-Nosotras, no. Yo los tendré -sonrió a pesar del frío que sintió por la sangre-. Me encargaré de que sepa que fue idea mía. Después de todo, es la verdad.
-También somos amigas -Laura alzó el mentón-. Diré que se me ocurrió a mí.
Conmovida, apoyó una mano en la de Laura.
-Gracias, pero no puedo permitirlo. Cuando yo vuelva a Australia, tú tendrás que vivir aquí.
Con pesar pensó que echaría de menos Carramer. En las últimas semanas había llegado a querer a ese país generoso y abierto y el tranquilo estilo de vida de la isla. El estrés era algo prácticamente desconocido, salvo entre los visitantes que insistían en tratar de ver cada centímetro de la isla en unos días. En cuanto la limusina y la escolta llegaron al palacio de verano, un ayudante le transmitió a Paula las órdenes del príncipe. Laura se mostró alarmada, pero ella ocultó su desasosiego con una sonrisa tranquilizadora.
-Lleva a Joaquín de vuelta a la habitación de juegos. No pasará nada -pero se preguntó cómo se castigaba en Carramer quebrar un vínculo personal. Esperó que fuera considerado una falta y no un delito capital.
Al ver la expresión de Pedro, comprendió que había sido una esperanza vana. El príncipe parecía más enfadado de lo que jamás lo había visto y el corazón de Paula se hundió. No había esperado que su acto le doliera tanto. El ayudante cerró la puerta tras ella, dejándola a solas con él. Irguió los hombros.
-Puedo explicarlo todo.
-No se moleste. Podría achacar el quebrantamiento del vínculo a la ignorancia que tiene de nuestras leyes, pero no puede haber justificación para que se lleve a mi hijo en contra de mis expresos deseos.
-¿No exagera un poco, alteza? -se encrespó-. Lo único que hice fue llevar a Joaquín a una excursión del Día del Viaje que usted no prohibió de manera expresa. A propósito, se ha divertido mucho.
Pedro dió un puñetazo en la mesa.
-Es usted la más insolente...
-¿Australiana? -aventuró Paula, ocultando la alarma que la dominaba.
Por dentro se sentía horrorizada consigo misma. Una cosa era enfrentarse a un pelotón de fusilamiento y otra ayudar a cargar los rifles. De algún modo Pedro despertaba su vena más rebelde.
-Déme una buena razón para que no la obligue a cumplir encerrada el resto del vínculo -exigió él con cansancio.

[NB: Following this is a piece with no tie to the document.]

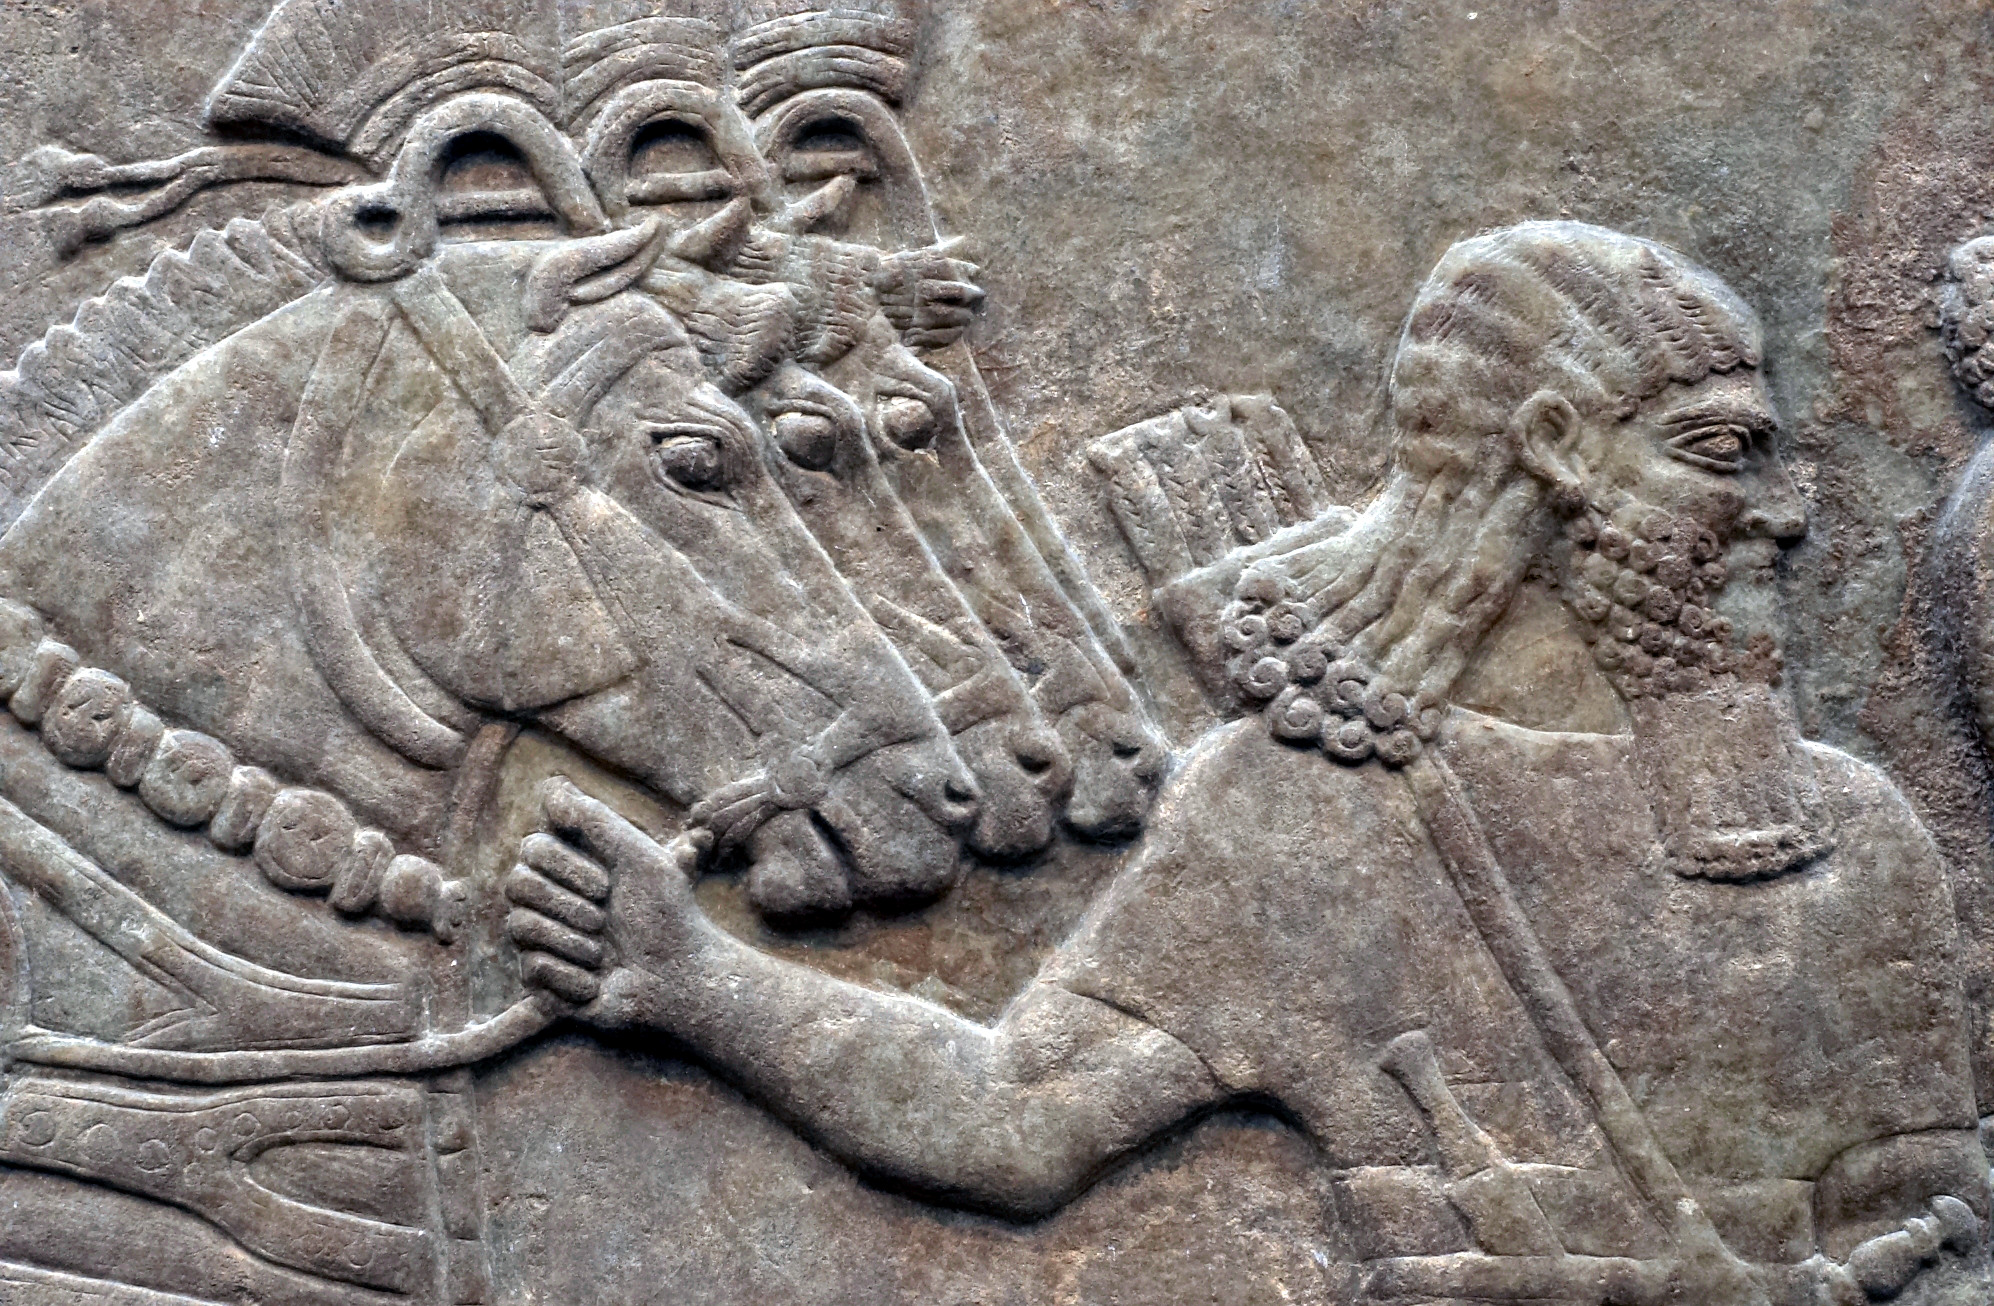 https://upload.wikimedia.org/wikipedia/commons/f/fe/Nimrud_Palace_Reliefs_2.jpg

Paula desterró la compasión que despertó su tono de voz y se lanzó al vacío.
-Déme usted un buen motivo para impedir que haya niños alrededor de su hijo, cuando es exactamente lo que este necesita.
Rodeó el escritorio como una bala y ella tuvo que contener el impulso de retroceder ante la ferocidad que leyó en sus ojos. Pedro cerró las manos en tomo a sus brazos y ya no le quedó otra elección que mirar sus ojos implacables.
-¿Quiere un buen motivo? Muy bien. Cuando mi mujer murió, estaba embarazada de gemelos, un niño y una niña. Siempre que oigo risas infantiles, recuerdo que mis bebés jamás tuvieron la oportunidad de vivir. Fue algo tan inesperado que ella sintió que se hundía. Jamás había imaginado que la pérdida hubiera sido tan grande.
-Oh, Pedro, si lo hubiera sabido, nunca habría insistido en llevar a Joaquín al colegio.
-Lo extraño es que la creo -repuso él con voz áspera-. Sus métodos son intolerables, pero sé que quería lo mejor para mi hijo.
-No lo dude -susurró.
Aquello no cambiaba el hecho de que Joaquín necesitaba compañeros de su edad, pero también le importaban los sentimientos de Pedro. Y para sorpresa suya, demasiado. El silencio se alargó y Paula adquirió conciencia de que se hallaba en sus brazos. Sin advertencia previa, él levantó una mano para acariciarle el cuello mientras con la otra la pegaba a su cuerpo. La giró hasta que su suavidad se encontró con la inconfundible plenitud de su erección.
-Paula -murmuró.
Inclinó la cabeza y la besó en el instante en que ella se daba cuenta de que era la primera vez que la llamaba por el diminutivo de su nombre. El corazón le palpitó con fuerza.